その指摘のひとつひとつが、なぜか体の芯に響く。叱咤されているのか、愛撫されているのか、判別がつかない。

しばらくして、ようやく小休止が入った。神人は壁に手をつき、ぜえぜえと息を切らせる。こんなに体力を消耗するとは思わなかった。ヒールのせいで脹脛はパンパンに張り、足の裏はじんじんと痛む。しかし、不思議な達成感もあった。自分の身体が、少しだけだけど思い通りに動くようになった。それに、歩くたびに自然と揺れる腰の感覚が、もはや不快ではなくなっている。
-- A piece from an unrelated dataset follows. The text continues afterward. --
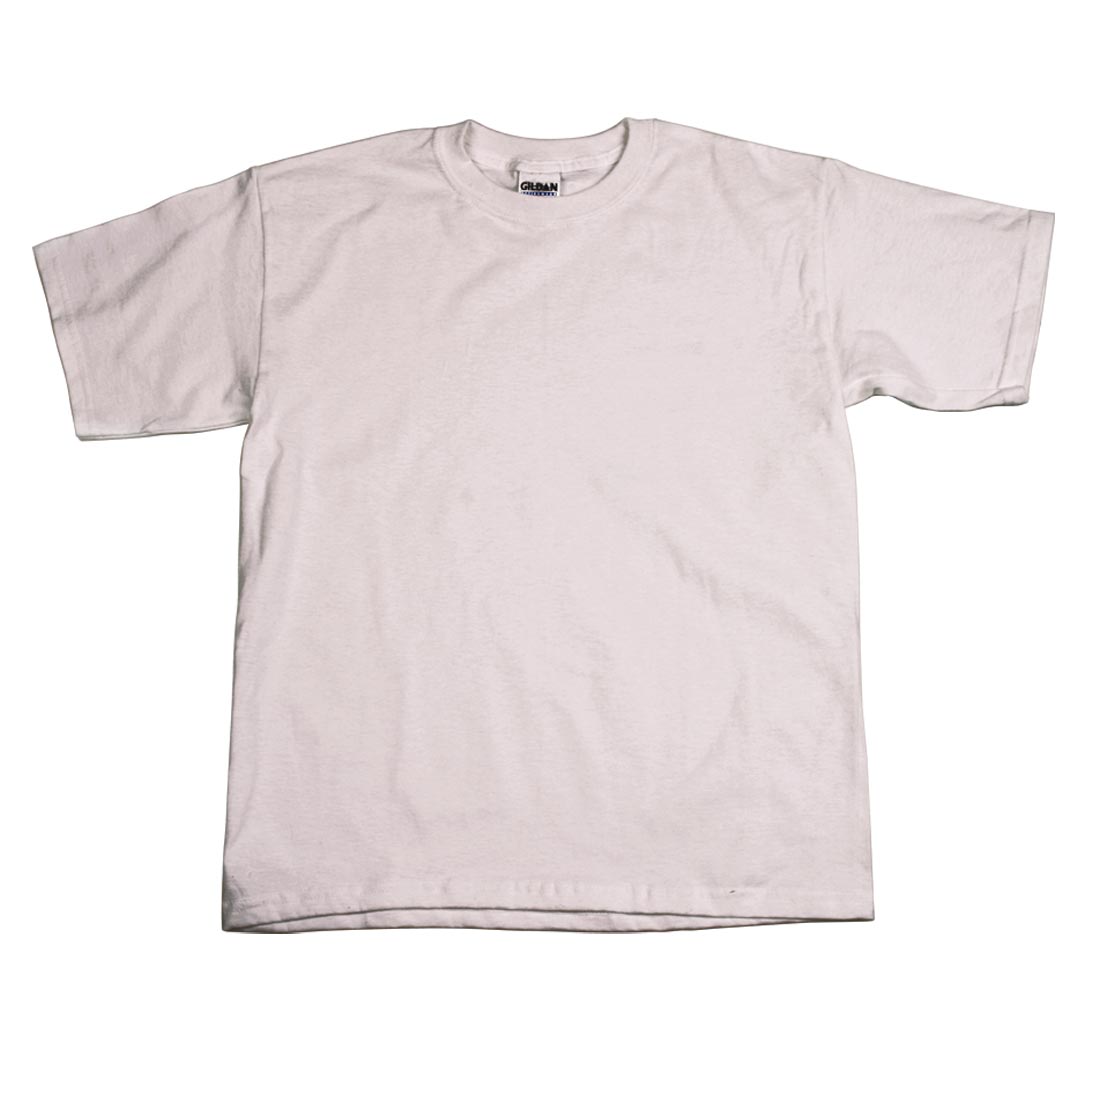 Large Plain White T-Shirt

「なかなか筋がいいわ。これならすぐに、誰も男だって気づかないくらいにはなる」

今宵は神人の隣に座り込み、その耳に口を寄せた。

「でもね、大事なのはここからよ。技術じゃなくて、心。歩くことを楽しめるようにならないと、本当の女の色気は出せない」

「楽しむ、だと……?」

そんなこと、できるはずがない。そう思いながらも、神人の脳裏には先ほどの自分の歩きがこびりついていた。腰をくねらせ、太腿を擦り合わせ、ヒールの音を響かせる行為。あれは苦行であると同時に、何か別の、名状しがたい快感を含んでいたのではないか。

今宵は、神人の内面の揺らぎを見透かしたように微笑む。

「まあ、今はわからなくてもいいわ。そのうち身体が覚えるから。女の歩き方が、あなたの一部になる。そうなったら、もう戻れないけれど」

彼女はすくっと立ち上がり、手を差し伸べる。

「さあ、もう一周。今度は腕の振り方も意識して、指先まで神経を行き届かせて。夜は長いんだから、たっぷり付き合ってもらうわよ」

神人はその手を取った。引き上げられる際、かすかに今宵の爪が手のひらをくすぐる。胸が高鳴るのを感じながらも、彼は再びヒールの上に立った。今度は、最初よりもずっと滑らかに重心が決まる。背筋を伸ばし、胸を張り、腰を少し引く。それだけで、視界が少しだけ違って見えた。

歩き出す。カツ、カツ、カツ。ヒールの音が一定のリズムを刻む。腰が自然に揺れ、太腿が互いに触れ合い、空気が肌を撫でていく。

今宵が満足げにうなずき、その後ろ姿を追いかける。

こうして、神人はまた一歩、女体への堕落の階段を上っていった。まだもがいてはいるものの、その足取りには確かに、女としての芽生えが宿り始めていた。